I am by no means a master with Ruby and am quite new to Scrubyt. I was just trying out some examples found on there wiki page. The example i was working on was getting the search results returned by Google when you search for 'ruby' and I had the idea of grabbing the URL of each result so I could go ahead and fetch that page as well. The problem is I don't know how to grab the URL appropriately. This is my following code:
require 'rubygems'
require 'scrubyt'
google_data = Scrubyt::Extractor.define do
fetch 'http://www.google.com/ncr'
fill_textfield 'q','ruby'
submit
link_title "//a[@class='l']", :write_text => true do
link_url
end
end
google_data.to_xml.write($stdout, 1);
The code prints out the XML data appropriately (name and link) but how do I retrieve the link without the <link_url>
tags that seems to get added to it (I tried to print out link_url and I noticed the tags are printed as well).
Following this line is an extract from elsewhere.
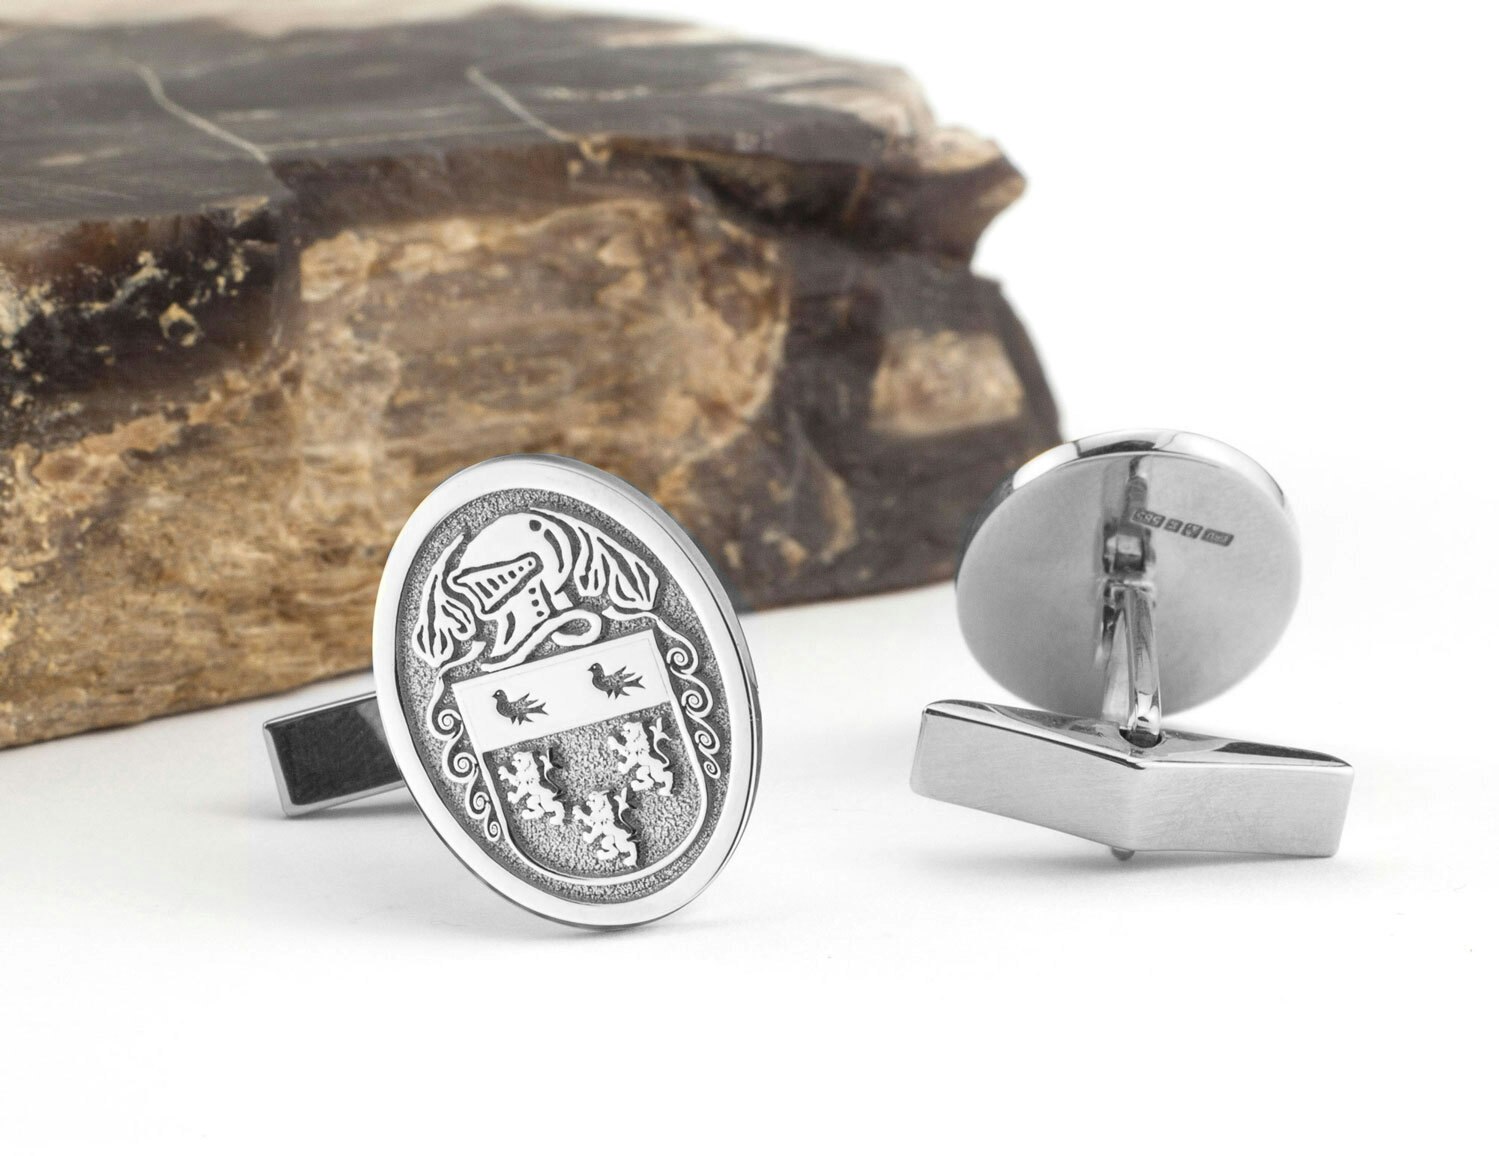 Select Gifts Dinkins England Heraldry Crest Sterling Silver Cufflinks Engraved Message Box

Could I do something as simple as fetch link_url
or is there a way of extracting the text from the xml content held in link_url
?
This is some of the content that gets printed by the google_data.to_xml.write()
:
<root>
<link_title>
Ruby Programming Language
<link_url>http://ruby-lang.org/</link_url>
</link_title>
<link_title>
Download Ruby
<link_url>http://www.ruby-lang.org/en/downloads/</link_url>
</link_title>
<link_title>
Ruby - The Inspirational Weight Loss Journey on the Style Network ...
<link_url>http://www.mystyle.com/mystyle/shows/ruby/index.jsp</link_url>
</link_title>
<link_title>
Ruby (programming language) - Wikipedia, the free encyclopedia
<link_url>http://en.wikipedia.org/wiki/Ruby_(programming_language)</link_url>
</link_title>
</root>